# Reduced neutral on Wye system



## frenchelectrican (Mar 15, 2007)

Southeast Power said:


> We are looking at installing an ATS and generator for a 120/208 volt 2000amp service.
> The survey shows 6 sets of 3- 500 copper and 1- 250 in 4” PVC.
> 
> The building was built in 1994 in Miami-Dade county.
> ...


I am not sure but maybe the EE may spec'ed that due the line to neutral load is not very high so that is one possibility. 
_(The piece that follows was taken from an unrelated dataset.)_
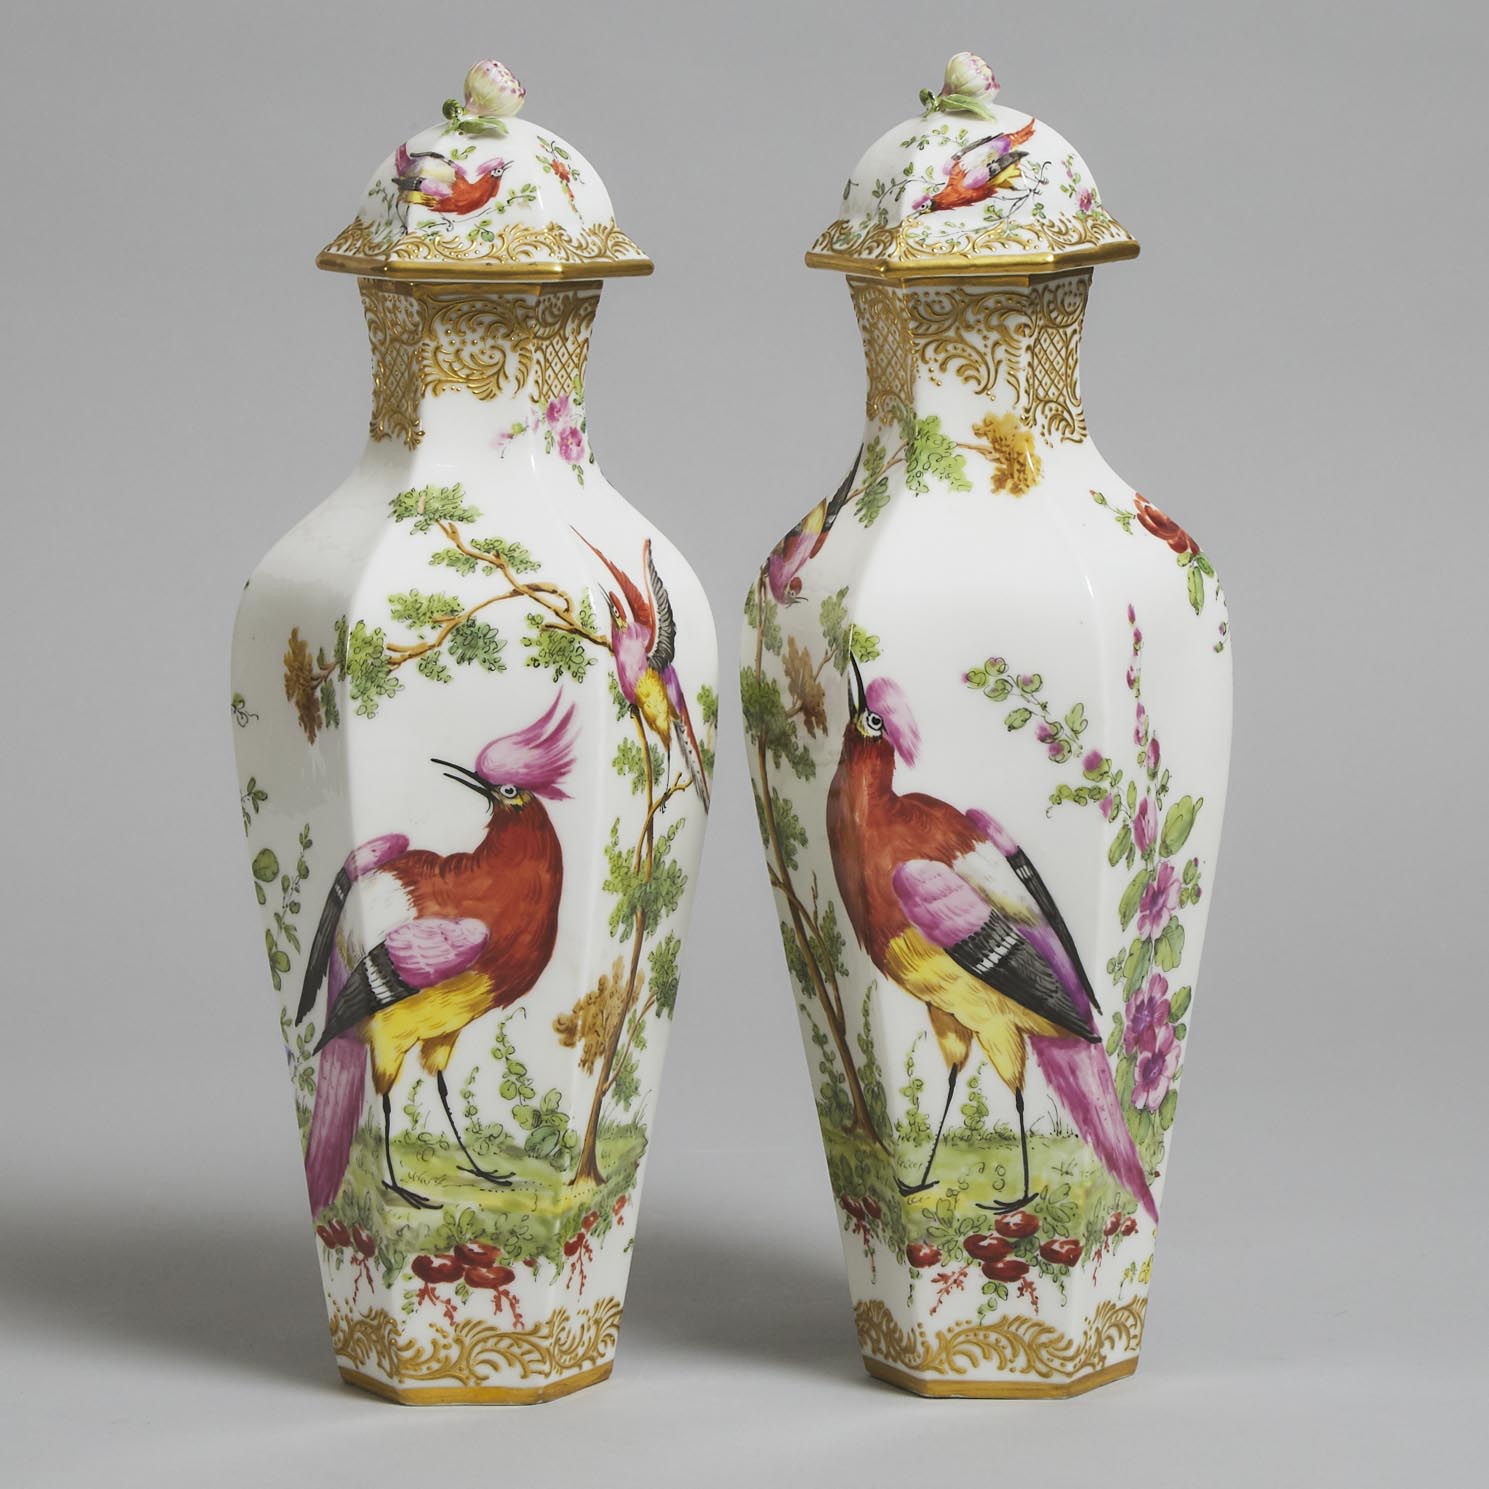 Pair of Samson 'Chelsea' Exotic Bird Hexagonal Covered Vases, c.1900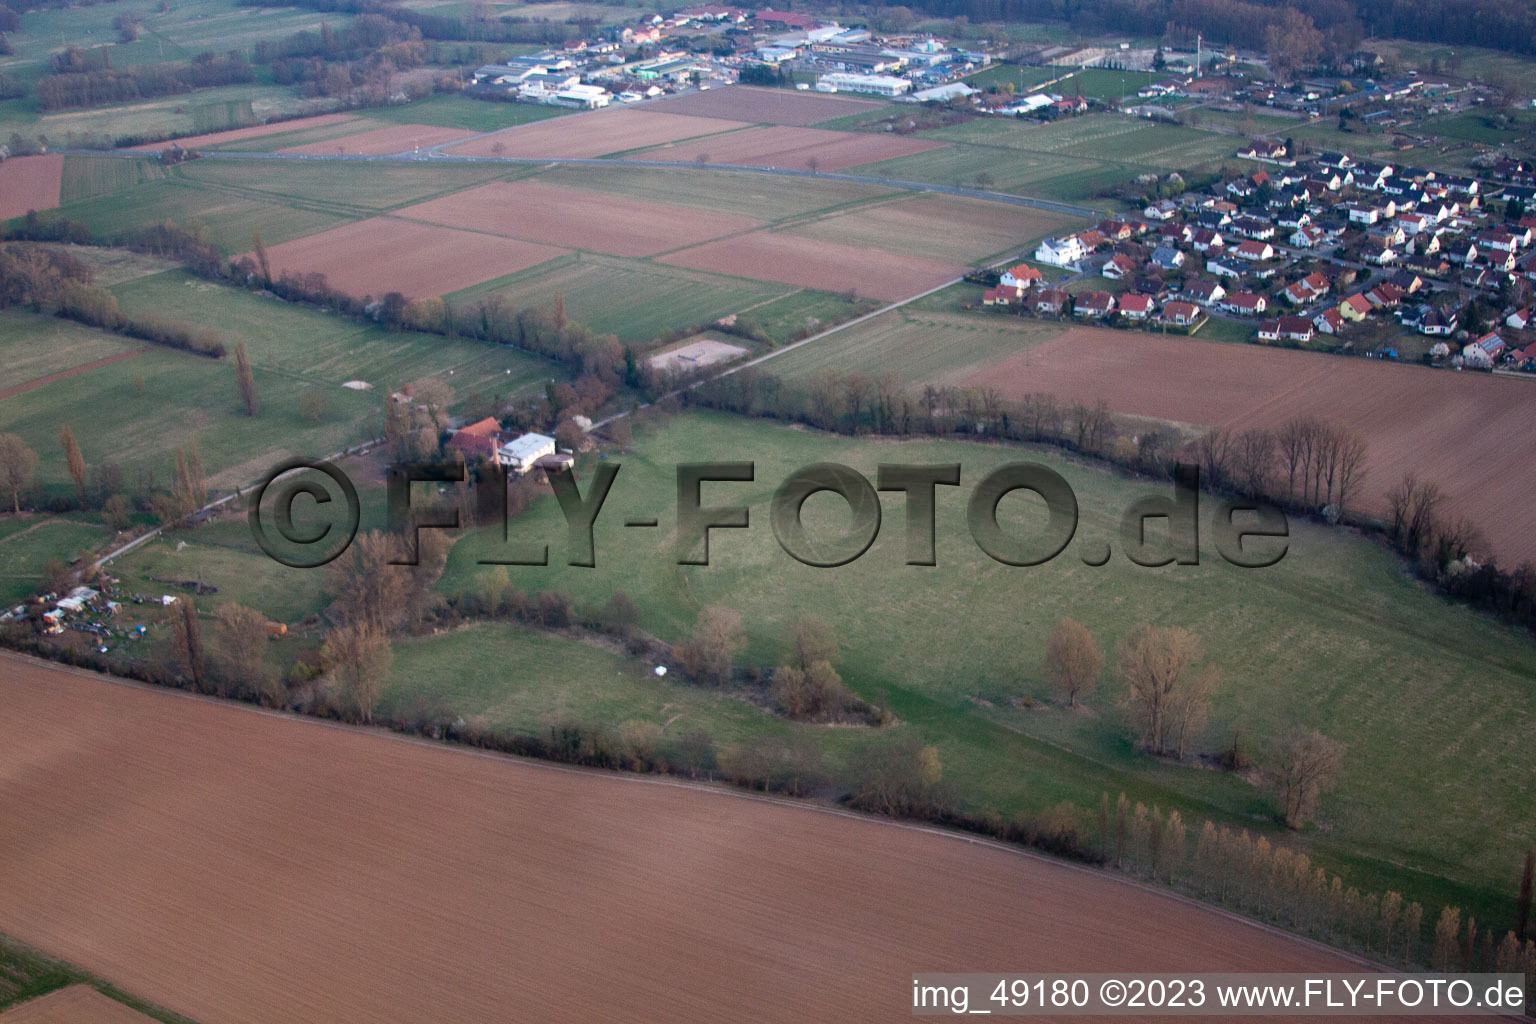 Racetrack in the district Billigheim in Billigheim-Ingenheim in the state Rhineland-Palatinate, Germany from above

Ask for RFI for details on that.


----------



## Bird dog (Oct 27, 2015)

IIRC if there are no neutral loads, the service neutral has to be sized at least the same size as your service bonding conductor according to T250.66 to handle fault current.


----------



## Cow (Jan 16, 2008)

We do lots of 480/277v wye services.

My last 2000 amp I designed had 6 sets of 400mcm CU with a 1/0 CU neutral.

1/0=150 amp x 6 sets=900 amp neutral capacity. That'd be a lot of neutral load to hit 900 amps on a 2000 amp service.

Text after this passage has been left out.